Dark Eyes (; ; ) is a 1987 Italian and Soviet film. Set in Italy and Russia in the years before the First World War, it tells the story of a married Italian who falls in love with a married Russian woman. Starring Marcello Mastroianni and Yelena Safonova, it received positive reviews from critics.

Plot 
At a table in the empty restaurant of an Italian ship, Romano is sitting drinking. Pavel, a middle-aged Russian on his honeymoon cruise, enters and the two men strike up a conversation. When Romano says he once went to Russia because of a woman, Pavel asks to hear his story.

From a poor family, he qualified as an architect and married a rich woman who inherited a bank. With little to do, on pretence of illness he took a holiday on his own at an expensive spa. There he met Anna, a Russian woman on her own, who told him she was from a poor family and married a rich man for security.
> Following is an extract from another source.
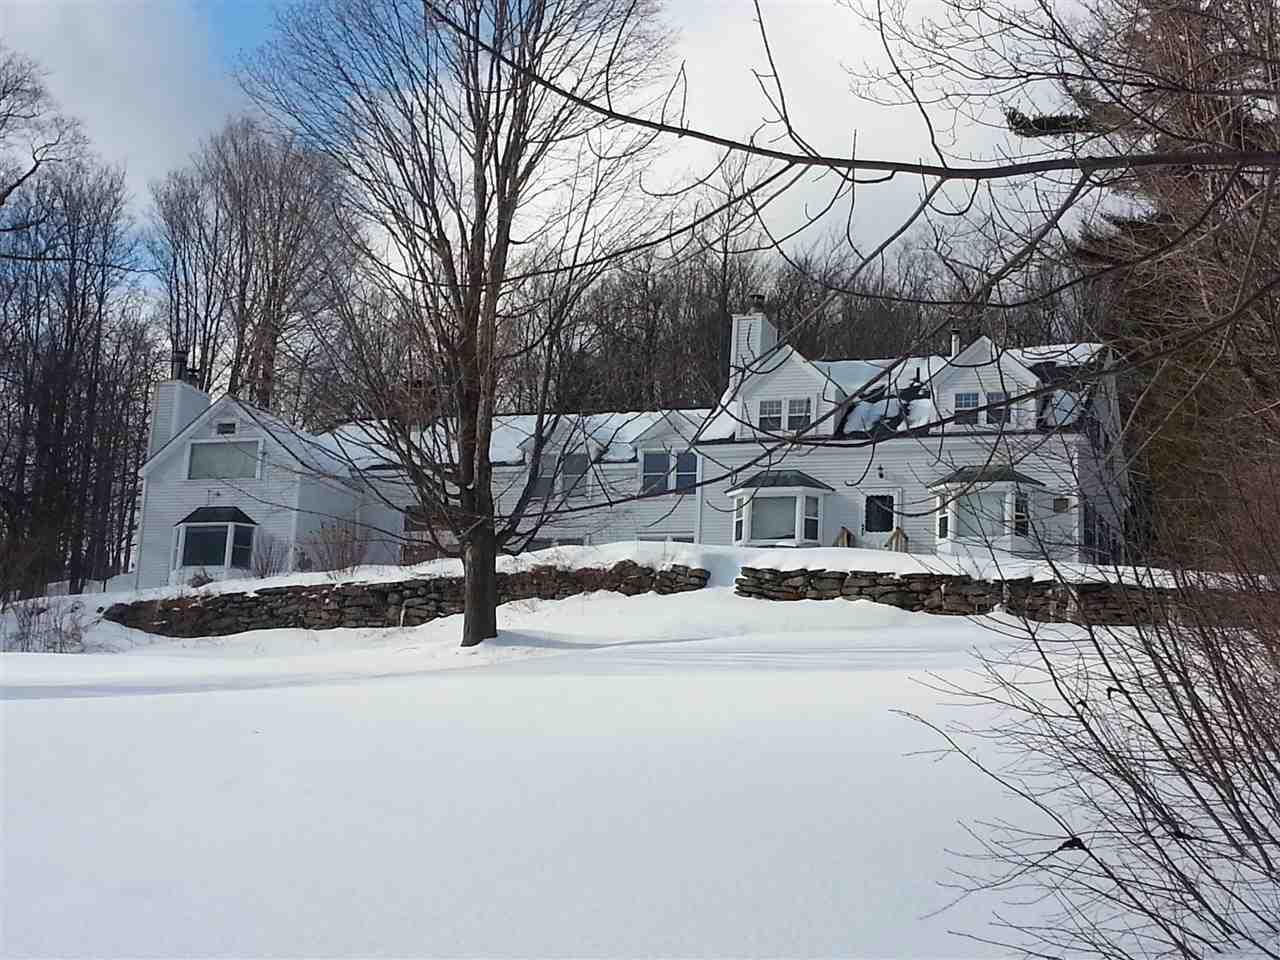 Mount-Snow-Real-Estate-4624824-23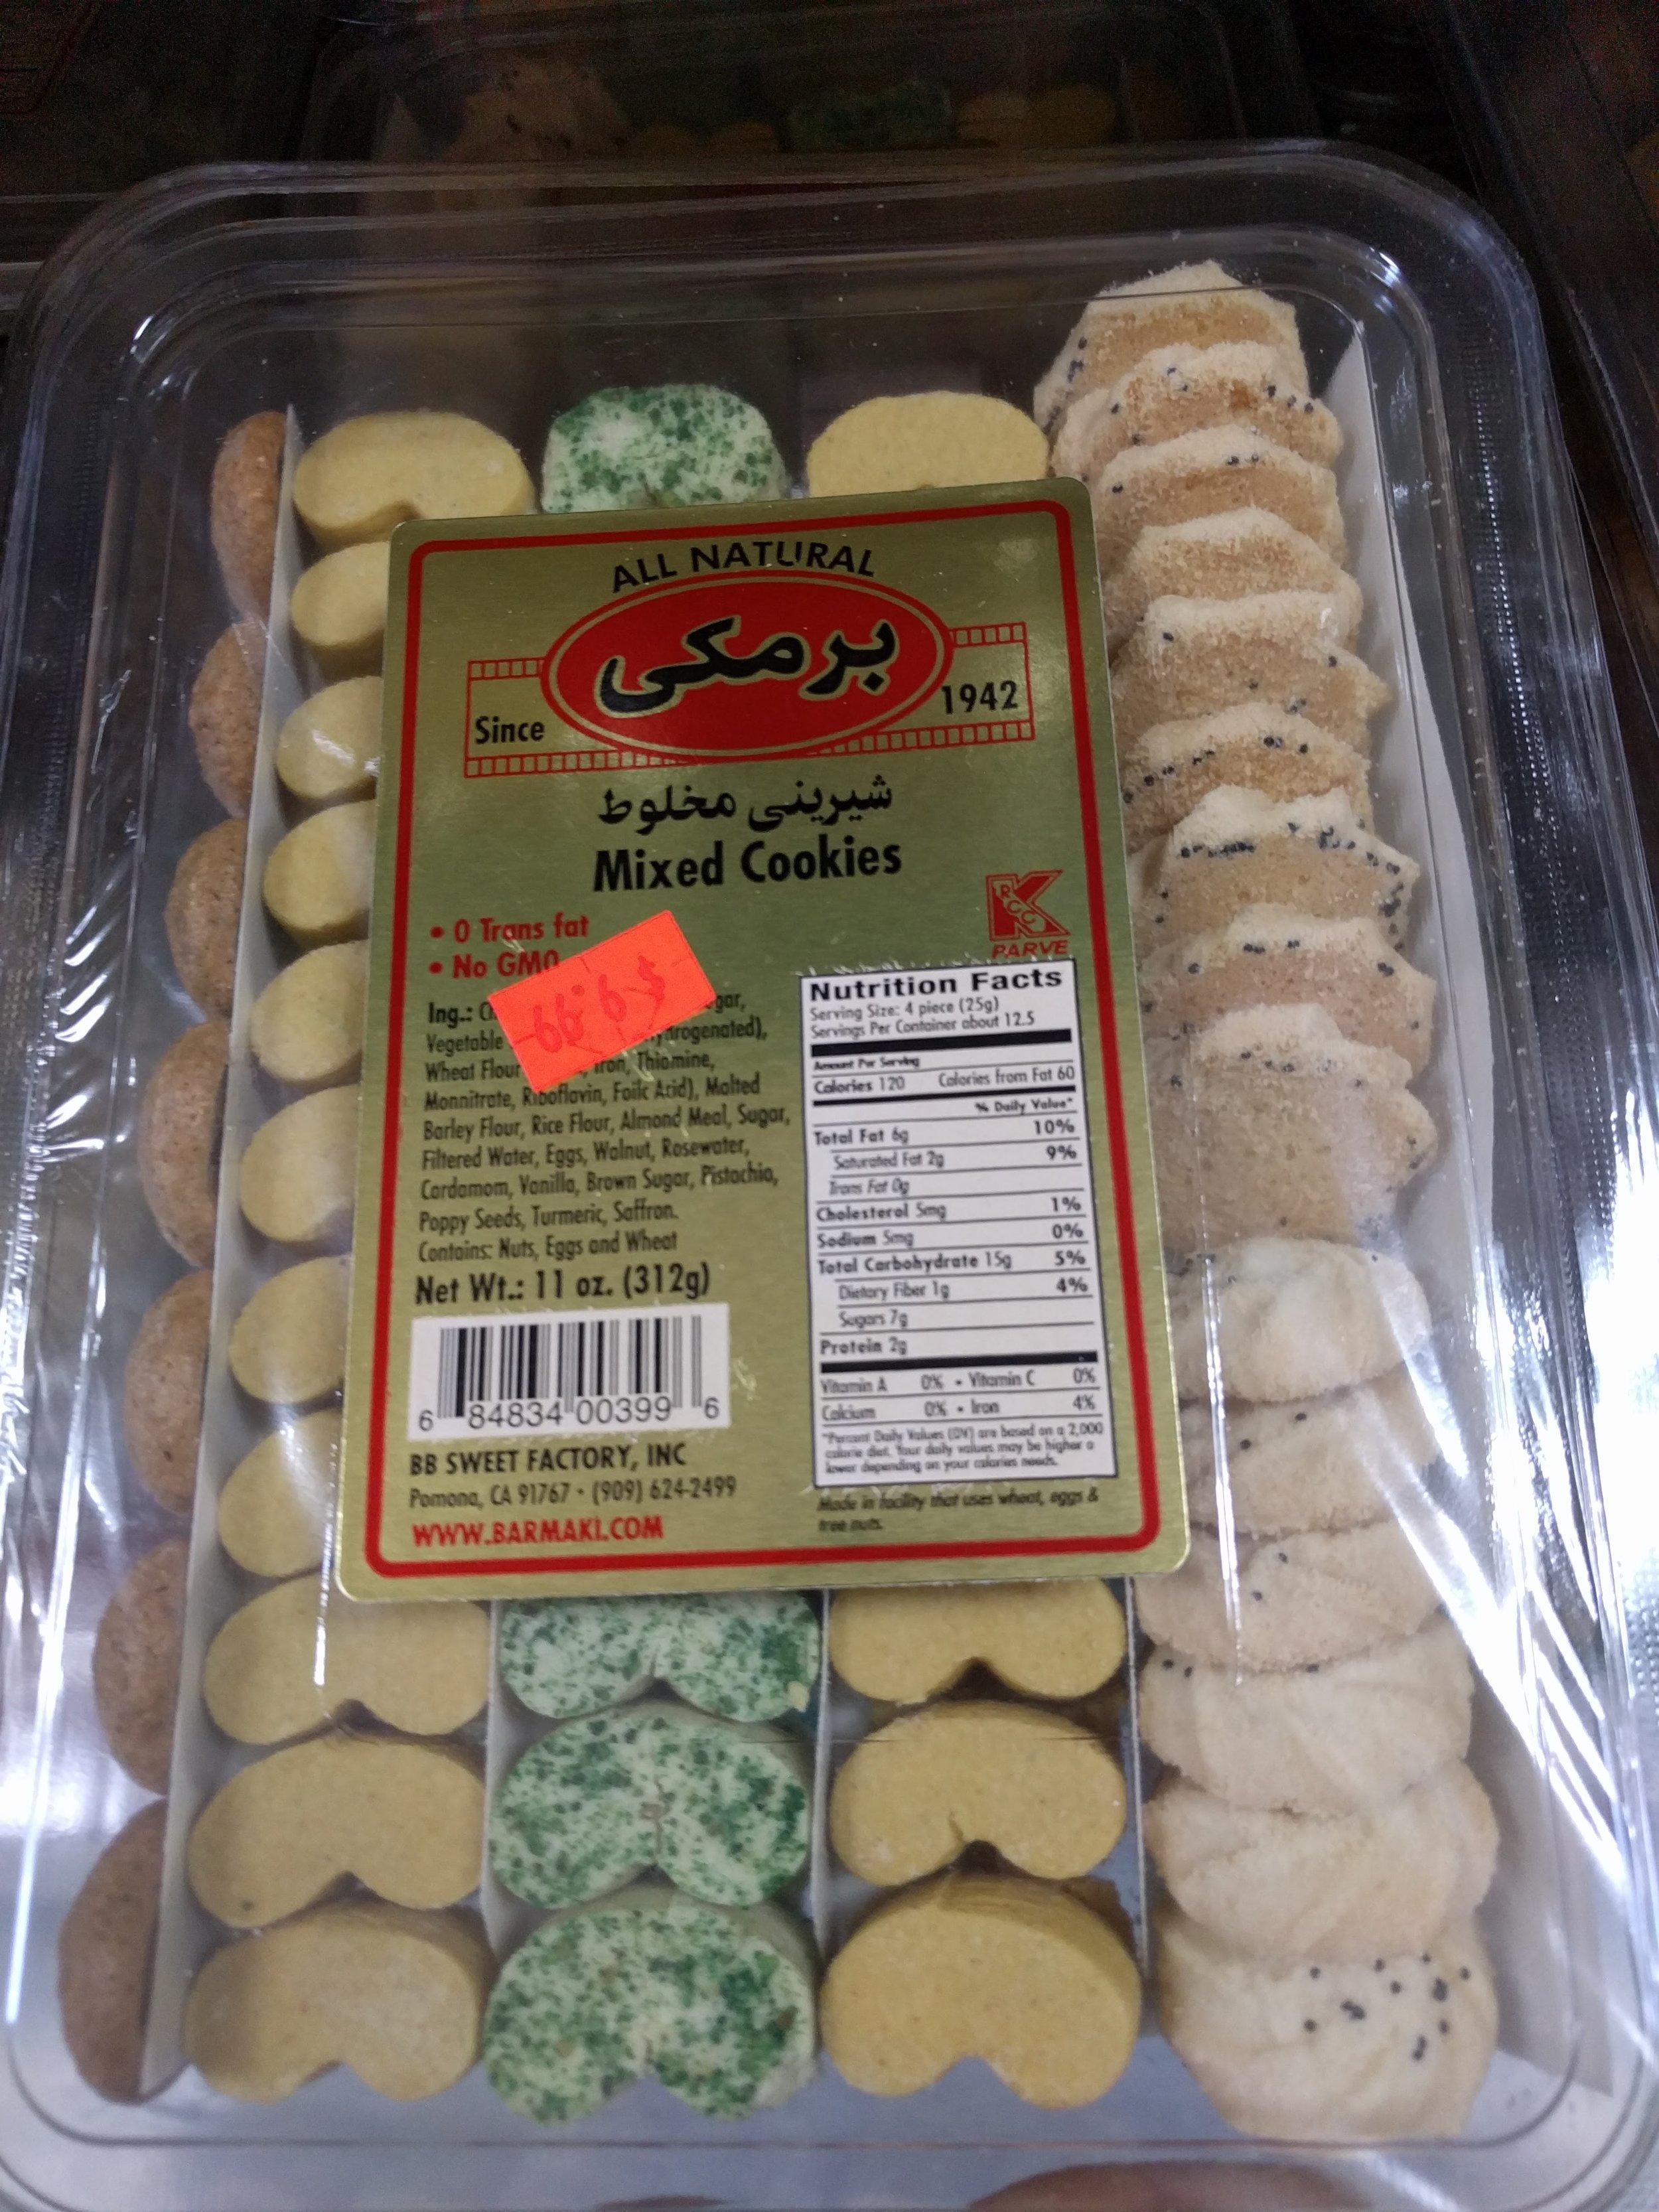 Mixed-cookies-Pak-Halal-International-Foods-12259-W-87th-St-Pkwy-Lenexa-KS-66215.jpg

After one night together, she left Romano a letter and disappeared back to Russia.

Deciding that he wanted to spend the rest of his life with her, on pretence of exploring business opportunities he travelled to her remote town. While her husband was hosting a reception for the distinguished foreigner, Romano pursued Anna around the outbuildings and caught her in the henhouse. He said, if she promised to wait for him, he would come back to claim her.

Rushing back to Italy, he found that his wife's bank had collapsed and bailiffs were stripping their palatial house, which was up for sale. Holding the letter she had found, she asked if he had a woman in Russia. He said no, and the two were reconciled. Later she inherited an unexpected legacy and was able to resume their opulent lifestyle.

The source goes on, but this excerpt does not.